Simple Winter Wreath @ Stilettos In The Mud
New Year's resolutions are not something you will find in our household this year. The idea of setting a goal is steeped in tradition and should come from a positive place. However, somewhere along the line, many venture to say they become disillusioned with or too disappointed in the inability to follow through with their lofty goals, and it is easier to not make them, than make them and fail. I don't mind failure as long as I know I have given something my very best. As long as a resolution is a positive affirmation, then I say make as many of them as you can.


Every year I look back over the prior year and then envision where I want the next year to be... I positively focus on where I want to be a year from now, rather than kick myself for not having arrived yet. 

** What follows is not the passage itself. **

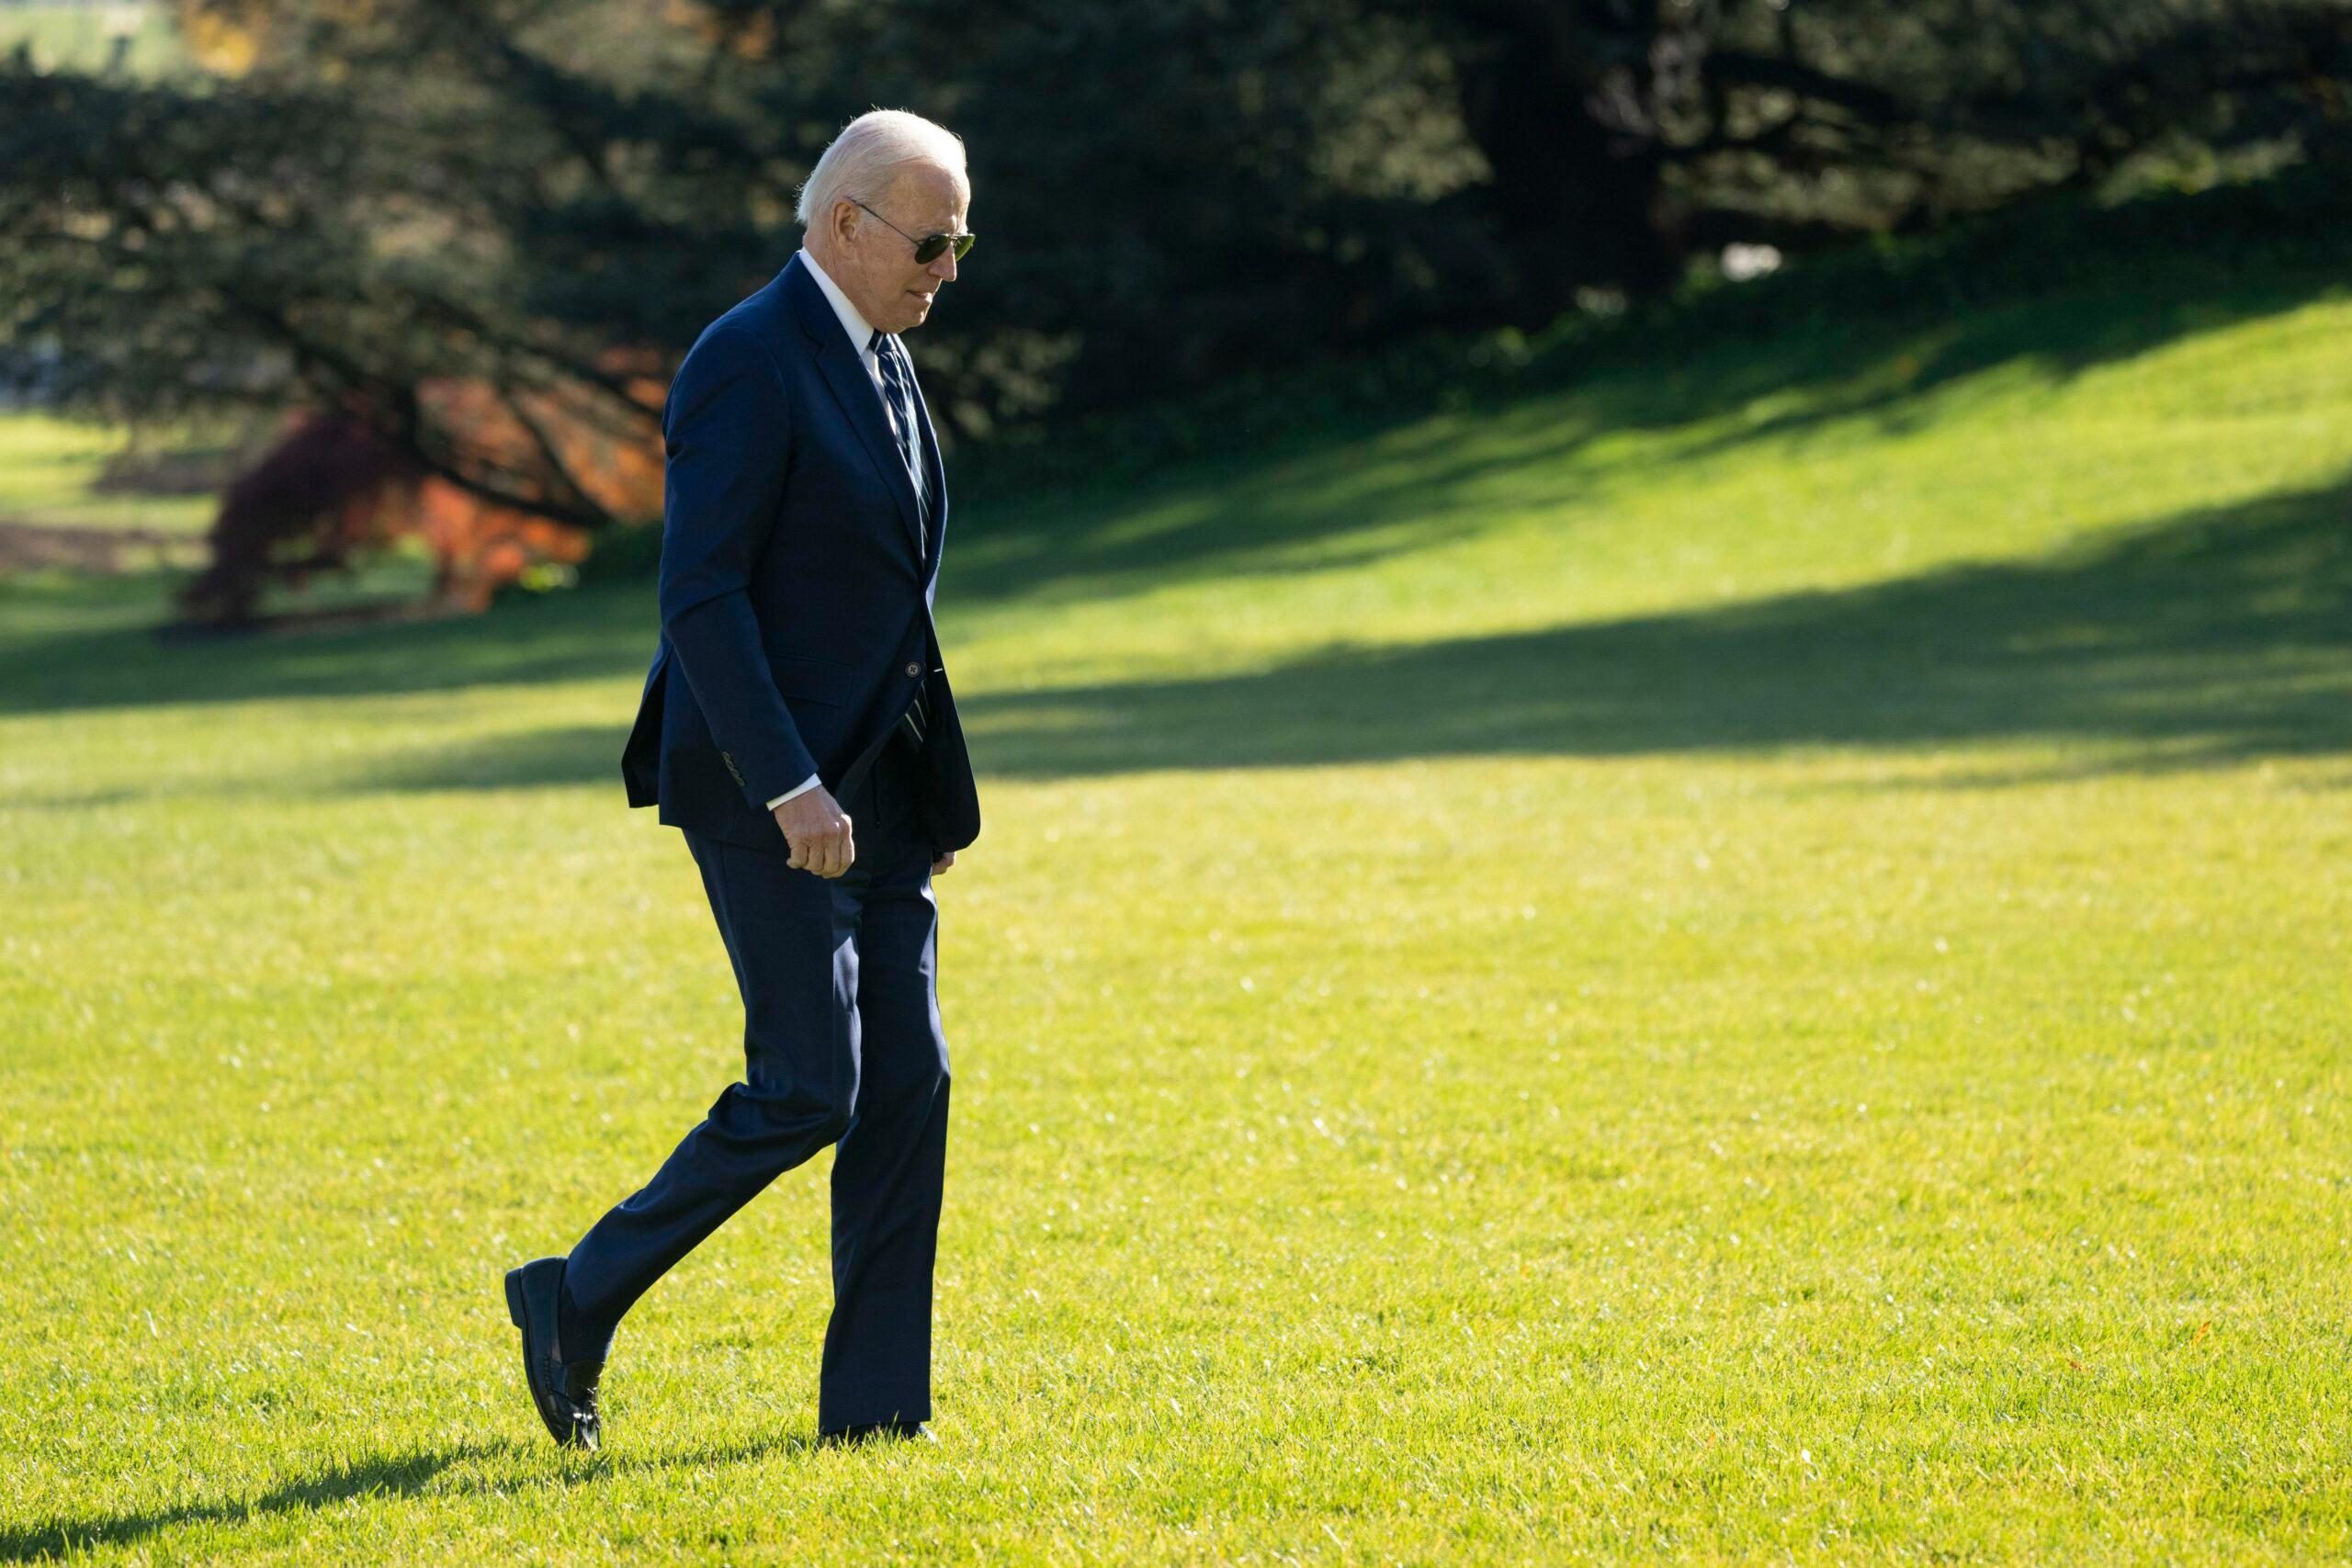 President Joe Biden returns to the White House after receiving a physical

For example, last year instead of focusing on my sadness of living in an environment which felt toxic for me, and my family, I envisioned what living in a healthy community environment would look and feel like. Researching and writing down all the positive directions I wished to go. Instead of whining and complaining that my cowboy "would never move from the farm," I began stating to him what changes I would like to see. I "armed" myself with positive and quit looking at that which was wrong. I researched options, and began sharing my findings in a positive manner. It took less time than I had imagined for him to begin looking at other options. 


I must confess almost every item of change on "my list" has been met in this last year. My life has had many struggles in the last 6 months, but many more blessings.  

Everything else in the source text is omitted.